KATMANDU: A British climber and a Nepali guide have broken their own records for most climbs of Mount Everest, the world’s highest mountain, hiking officials said on Sunday.

Rakesh Gurung, director of Nepal’s Department of Tourism, said Britain’s Kenton Cool, 50, and Nepali guide Kami Rita Sherpa, 54, climbed the 8,849-meter (29,032 foot) peak for the 18th and 29th time, respectively.

They were on separate expeditions guiding their clients.

“He just keeps going and going... amazing guy!” Garrett Madison of the US-based expedition organizing company Madison Mountaineering said of the Nepali climber. Madison had teamed up with Kami Rita to climb the summits of Everest, Lhotse, and K2 in 2014.

K2, located in Pakistan, is the world’s second-highest mountain and Lhotse in Nepal is the fourth-tallest.

Lukas Furtenbach of the Austrian expedition operator Furtenbach Adventures called Cool’s feat remarkable.

“He is a fundamental part of the Everest guiding industry.
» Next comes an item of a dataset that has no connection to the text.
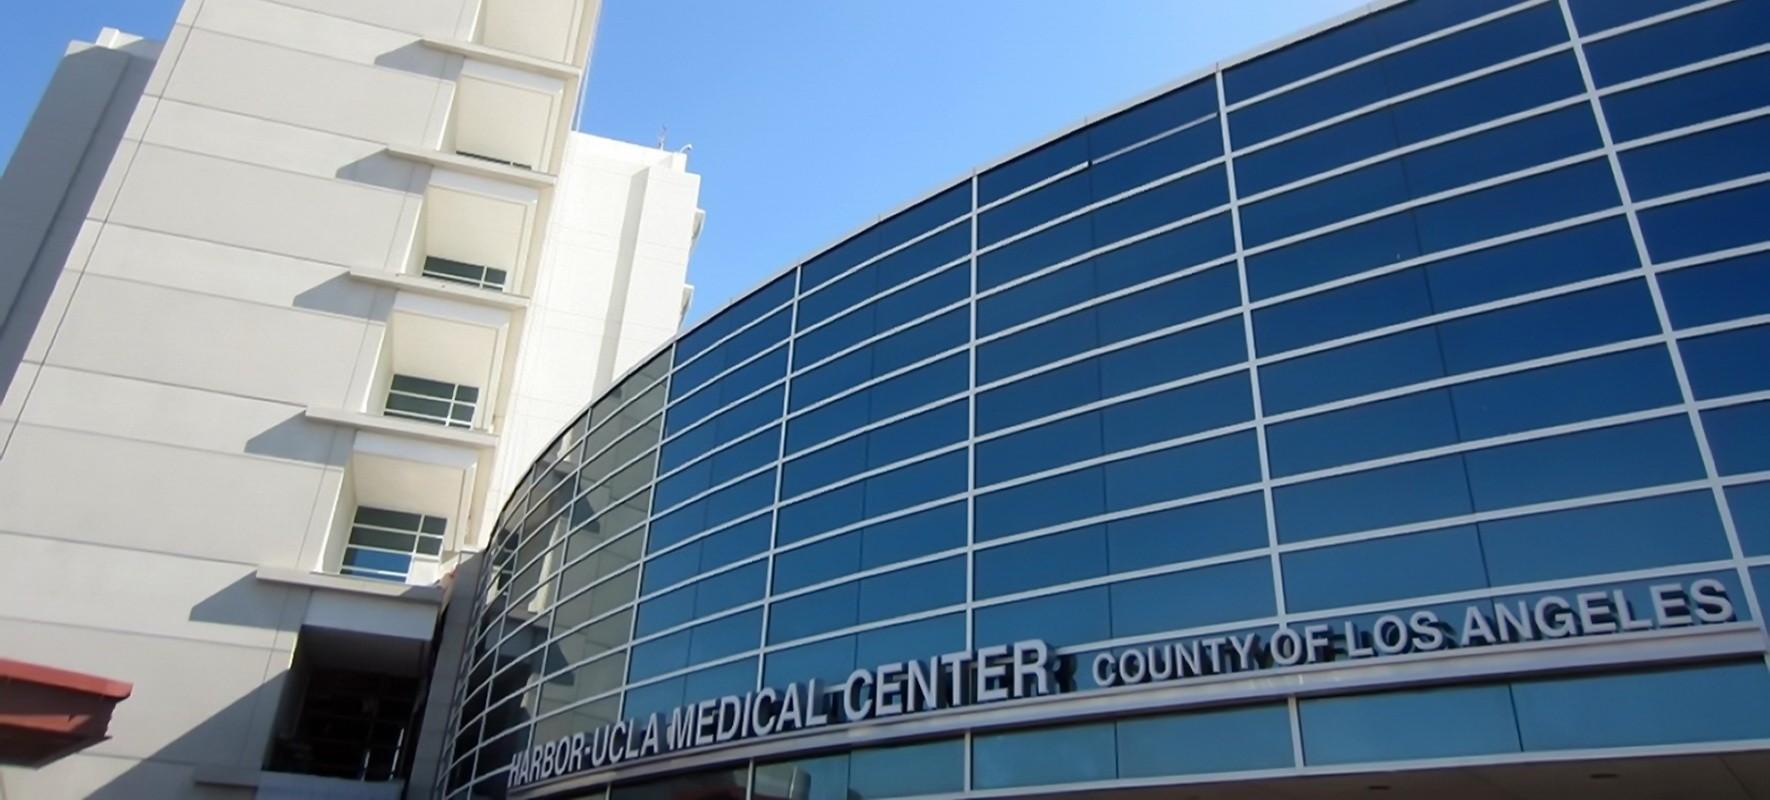 Harbor UCLA Medical Center | Torrance, CA | WJE
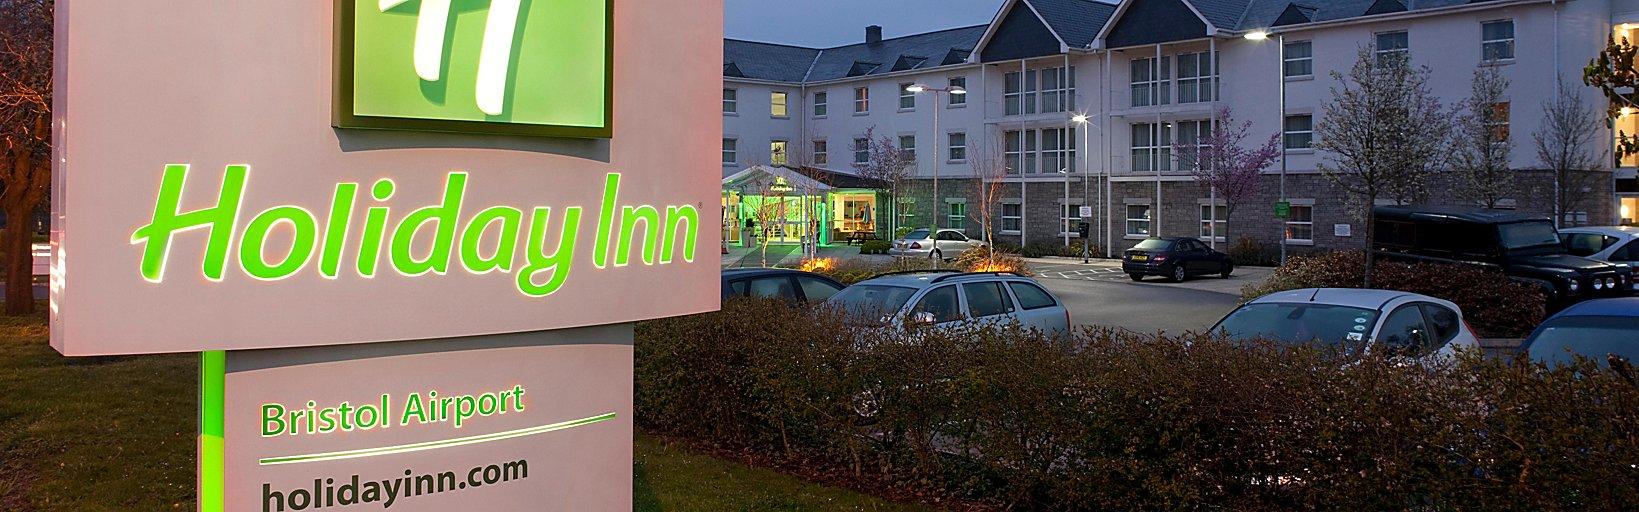 Hotels Near Bristol Airport: Holiday Inn Bristol Airport

Kenton Cool is an institution,” Furtenbach, who is leading an expedition from the Chinese side of Everest, told Reuters.

Both climbers used the Southeast Ridge route to the summit.

Pioneered by the first summiteers, New Zealander Sir Edmund Hillary and Sherpa Tenzing Norgay in 1953, the route remains the most popular path to the Everest summit.

Kami Rita first climbed Everest in 1994 and has done so almost every year since, except for three years when authorities closed the mountain for various reasons.

He climbed the mountain twice last year.

Mountain climbing is a major tourism activity and a source of income as well as employment for Nepal, home to eight of the world’s 14 tallest peaks, including Everest.

Nepal has issued 414 permits, each costing $11,000 to climbers for the climbing season that ends this month.